Sixty-eight percent of organizations running self-hosted AI ingest those models transitively through third-party software, according to Wiz’s State of AI in the Cloud 2026 report. The models your platform team approved are not the only models running in your environment — and those unattributed calls bypass your LLM gateway, evade your observability stack, inflate your cloud bill, and silently distort every capacity model you maintain.
This is not a governance talking point. It is a hard engineering problem with a measurable cost, and most teams have no instrumentation to see it. If your GPU utilization, egress spend, and p99 latency move for reasons you cannot attribute, transitive AI is a prime suspect.
What Transitive AI Actually Means
Transitive AI is the model equivalent of a transitive dependency in your package tree: an AI capability that enters your runtime not because you deployed a model, but because some library, SDK, SaaS connector, IDE extension, or MCP server pulled it in. Wiz found that 81% of organizations now use managed AI services and 90% run self-hosted models, so the surface for this is enormous. But 68% of those self-hosting ingest models through third-party software rather than deploying them directly.

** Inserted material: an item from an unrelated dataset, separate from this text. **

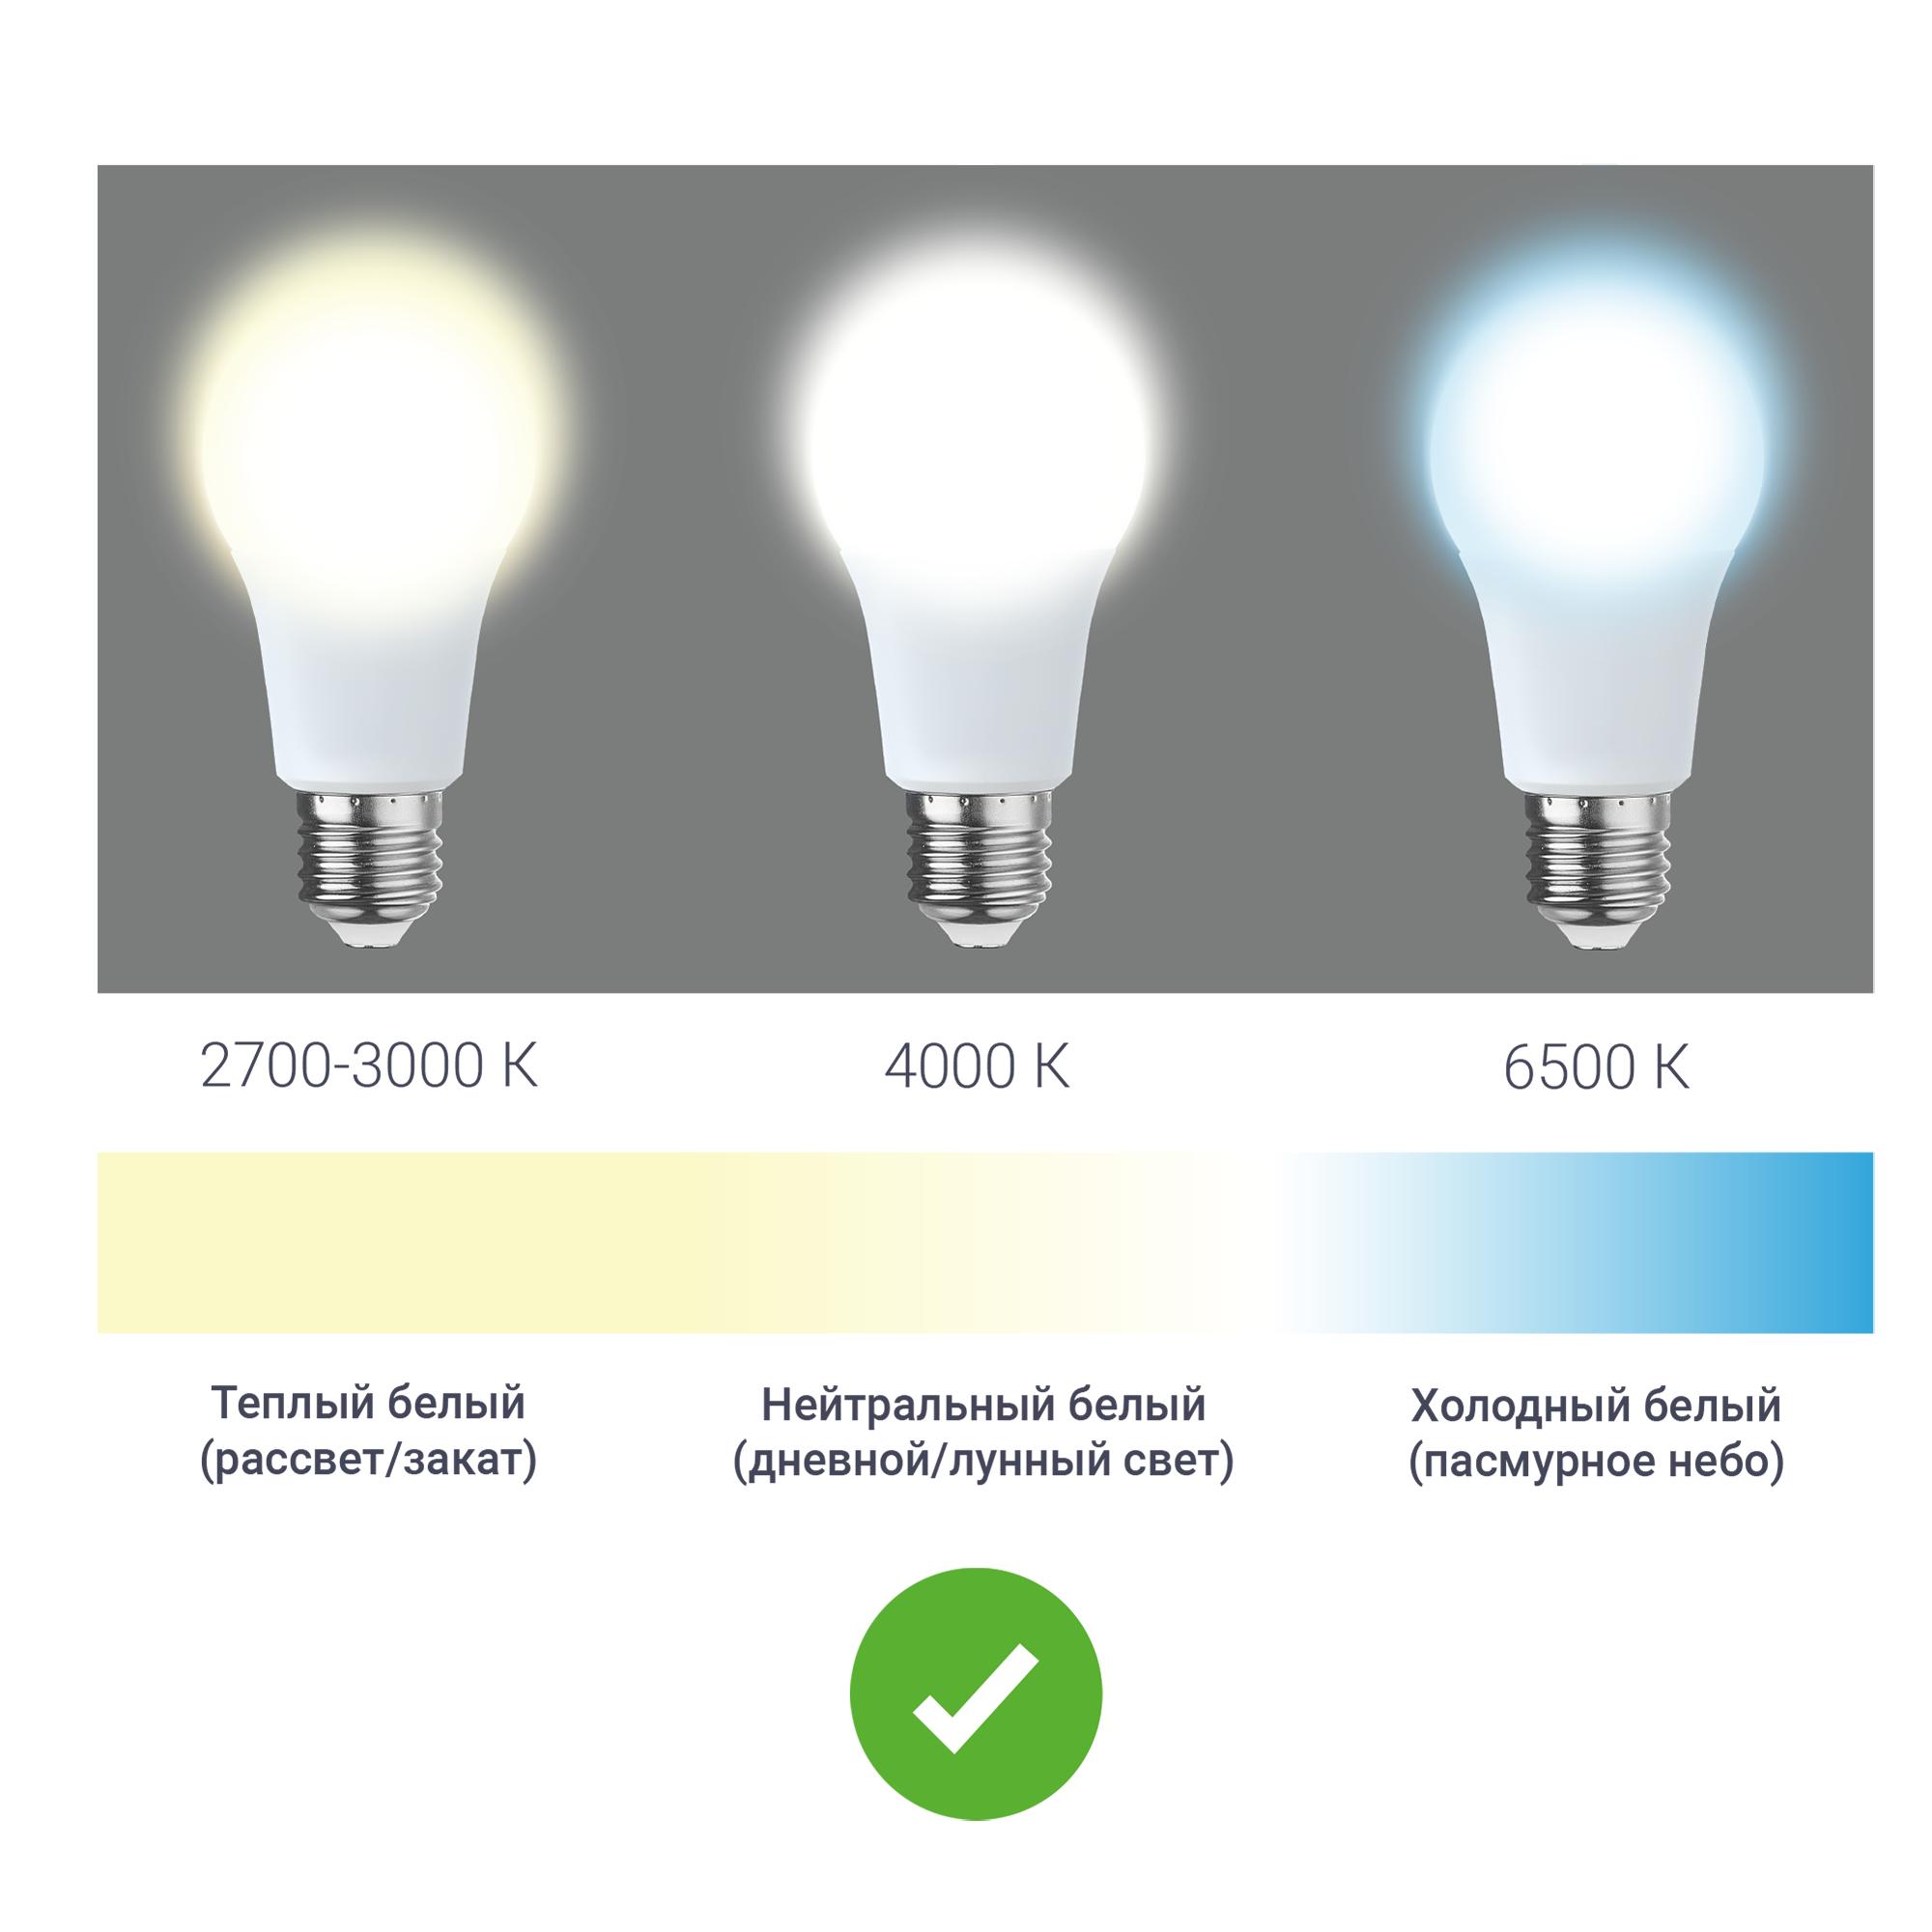 Лампа светодиодная Osram E27 220 В 5 Вт свеча прозрачная 660 лм белый свет
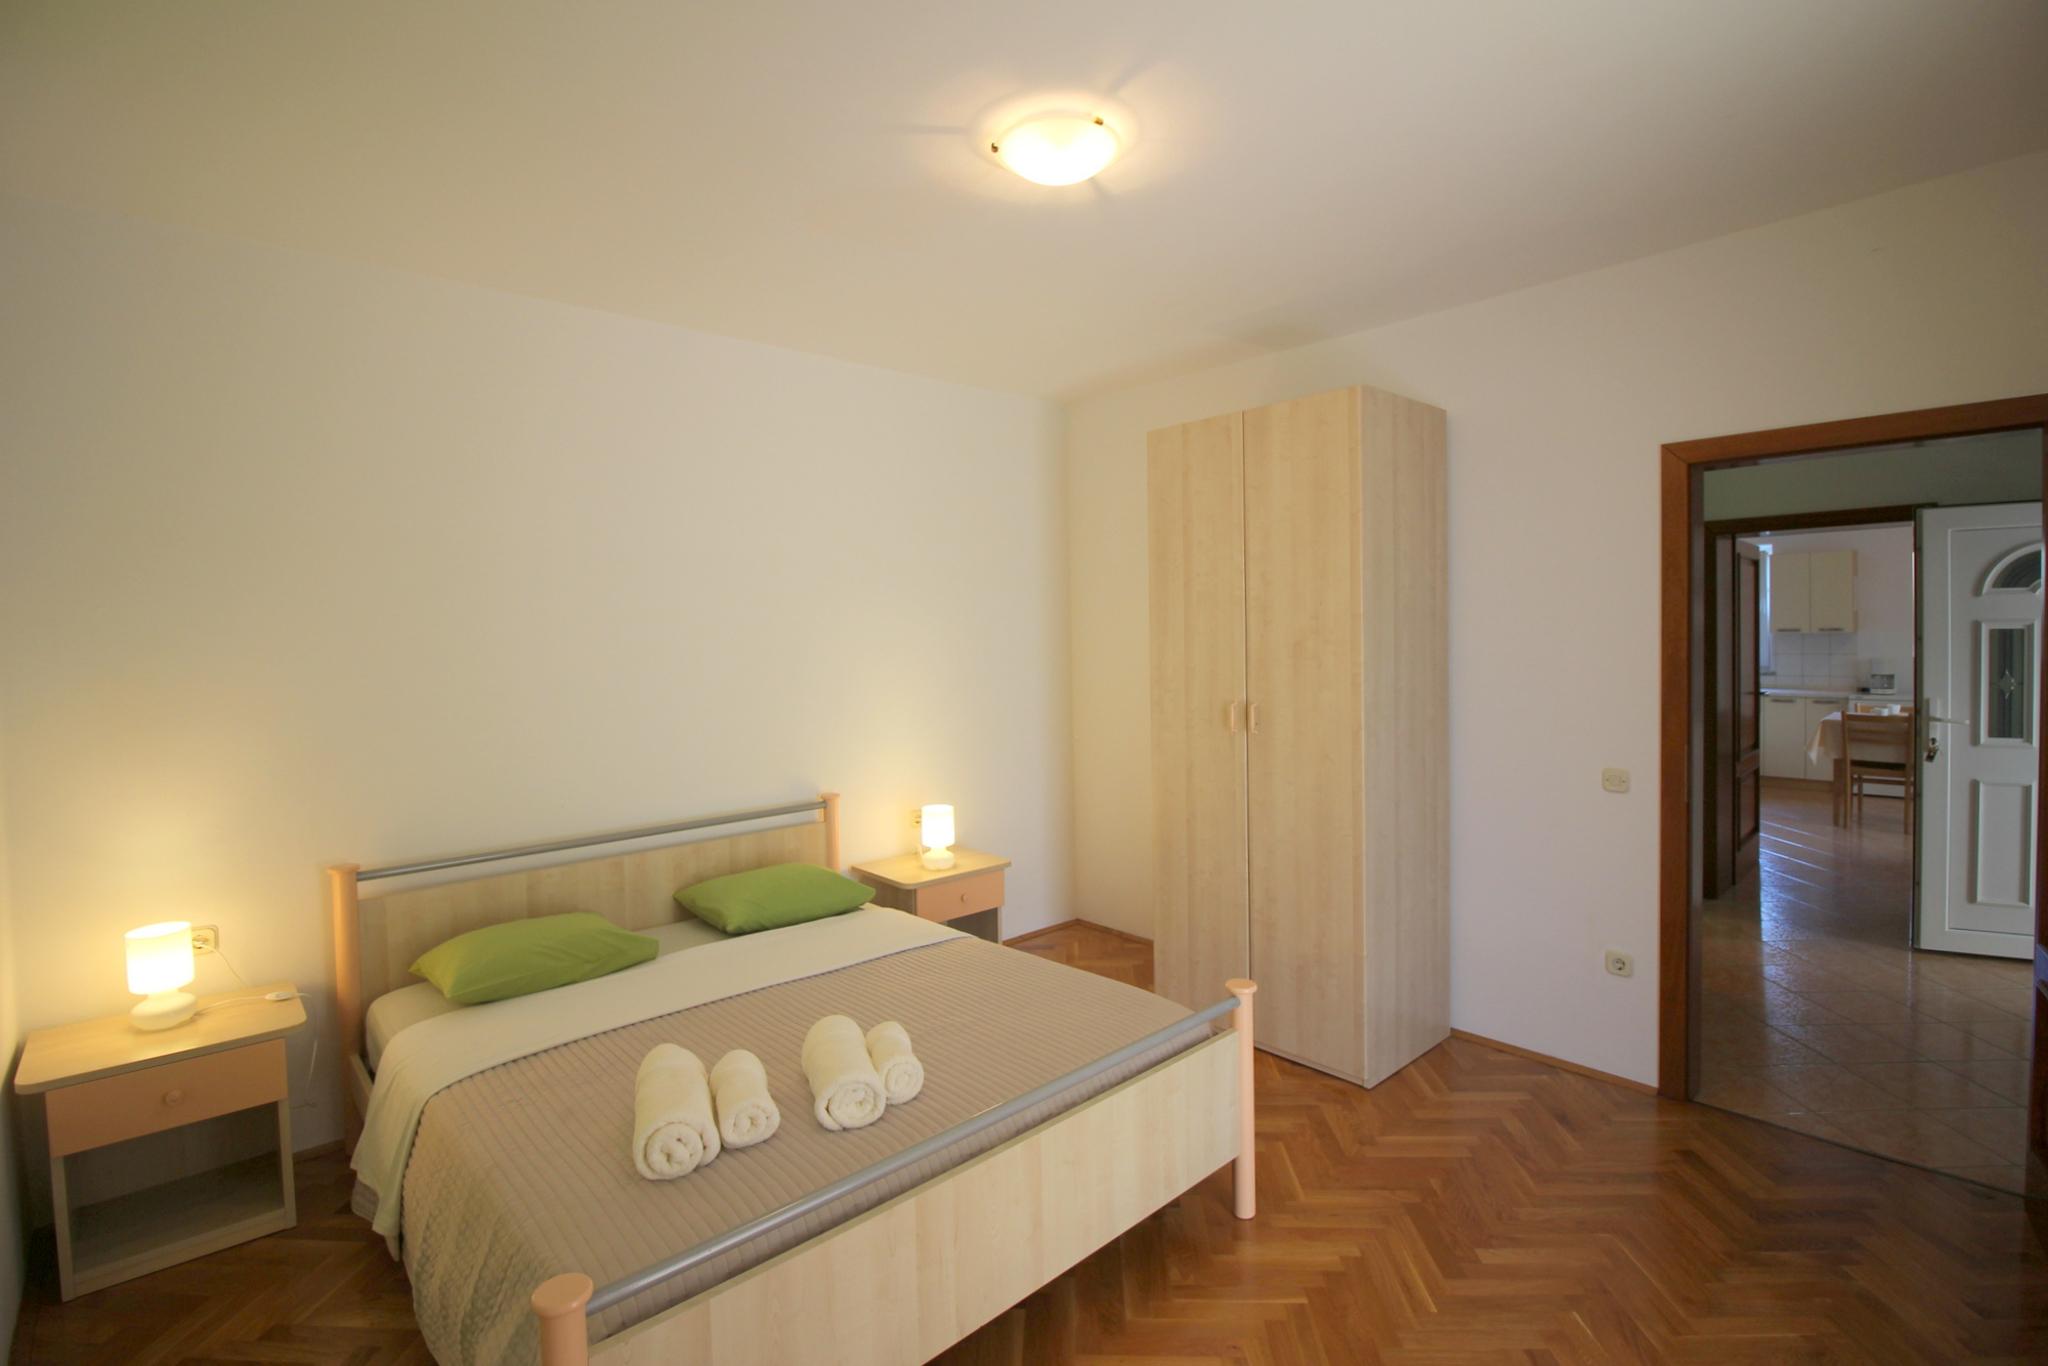 Ferienwohnung in ruhiger Lage (280275), Porec, , Istrien, Kroatien, Bild 16

The practical consequence: the model registry your MLOps team curates is a fiction. It lists the models you chose. It does not list the models a vendor appliance embeds, the ones a npm package calls when you imported it for an unrelated reason, or the ones an MCP server your developers wired up last sprint invokes against a database. Your dependency tree now contains inference endpoints that bill you per token.
This compounds fast. The 2026 Gravitee adoption report, cited by AI Outlooks, found that 80.9% of technical teams have moved past planning into active testing or production with AI agents, while only 14.4% say all of their live agents carry full security and IT approval. The gap between “deployed” and “approved” is where transitive AI lives.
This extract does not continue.